In the near-term (< 50 years) following landscape-level fuel reduction treatments, total forest carbon stocks are diminished, even when accounting for avoided carbon losses from subsequent wildfires [239, 245,246,247,248]. Rather than tracking just total carbon, an alternative approach tracks carbon stored in large aboveground live trees as the dominant stable carbon pool in the forest [249,250,251]. In mixed conifer forests in the Sierra Nevada, live tree carbon in both untreated and recently treated stands was substantially lower than that estimated for stands in a historical (1865) landscape, which had frequent fires [249]. Prescribed fire released 14.8 Mg C ha−1, with pre-fire thinning increasing the average release by 70% and contributing 21.9–37.5 Mg C ha−1 in milling waste. All fuel treatments increased fire resistance, but treatments that included prescribed fire had lower torching and crowning potentials. Hurteau et al. [250] reported similar findings in ponderosa pine forests in the Southwest. While aboveground carbon was greater under the baseline fire-excluded treatment scenarios, higher potential for torching and crowning in untreated stands exposed the carbon stocks to greater risk.

Management regimes that reduce forest stand density and favor large, fire-resistant trees may increase the amount of stable carbon on the landscape. This equates to a potential risk reduction that can be quantified, or at least qualitatively categorized, by some of the mapping frameworks discussed in “Mapping carbon risk to disturbance”. For example, using the LSim model to explore the effects of different treatment and wildfire management approaches over 60 years, Young and Ager [251] found that increasing the treatment area 5X over current treatment rates produced the most stable forest carbon on the landscape over time. Similarly, fuel treatment effects simulated over a 90-year period using LANDIS-II found that the no-treatment scenario has significantly greater overall carbon loss than treatment scenarios in frequent-fire forest types in the Sierra Nevada [252]. Specific ecosystems may attain a net benefit from treatments over decades to centuries. In another study, long-range carbon dynamics were modeled in conjunction with fuel treatments in the Pacific Northwest. The authors concluded that due to the low consumption of the majority of fuels and the limited duration of the effectiveness of fuel treatments, long-term carbon storage potential was reduced, even where high wildfire risk existed [253]. Balancing demands for carbon storage with demands for reducing wildfire severity would require fuel treatments to be implemented strategically throughout landscapes, rather than indiscriminately treating all stands [237].

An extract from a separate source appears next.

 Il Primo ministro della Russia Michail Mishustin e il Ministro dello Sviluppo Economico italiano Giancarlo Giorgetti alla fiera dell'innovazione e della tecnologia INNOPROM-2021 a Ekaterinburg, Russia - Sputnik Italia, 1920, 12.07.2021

All of the disturbance risks discussed here are also being impacted by climate change (Fig. 1). In that context, climate change is not only a driver for management designed to sequester carbon in light of disturbances, but also contributes to the design of silviculture treatments to mitigate direct impacts on specific forests. Managing for site-specific stand structures that include features such as high overstory compositional diversity [184], age diversity [254], spatial complexity [255], and trait diversity [256] are strategies that can increase forest resilience in the face of climate change, ideally while also continuing to maintain stable carbon stocks [185]. Treatments can be implemented that create climate-resilient forest structure traits while simultaneously maximizing carbon sequestration rates that create long-term stability. These strategies may also reduce the initial carbon stored onsite [257], demonstrating the value of understanding how treatments impact multiple overlapping priorities.

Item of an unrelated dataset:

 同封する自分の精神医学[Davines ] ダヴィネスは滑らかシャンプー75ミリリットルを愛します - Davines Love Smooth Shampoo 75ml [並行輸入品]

Although some fuel treatments may catalyze net carbon uptake over a long period, Wiechmann et al. [244] reported three of five types of fuel treatments resulted in a net loss in forest carbon 10 years after treatment in the Sierra Nevada. The two treatment types that recovered carbon over 10 years were a burn-only and understory thin-only. Conversely, over the long run, a combination of prescribed fire and mechanical thinning is most effective at reducing potential fire severity where it has been studied [238, 257]. Across 10 locations in the United States, Boerner et al. [243] found that mechanical treatments do reduce forest carbon significantly more than prescribed fire, although there was a greater increase in carbon sequestration after mechanical treatments.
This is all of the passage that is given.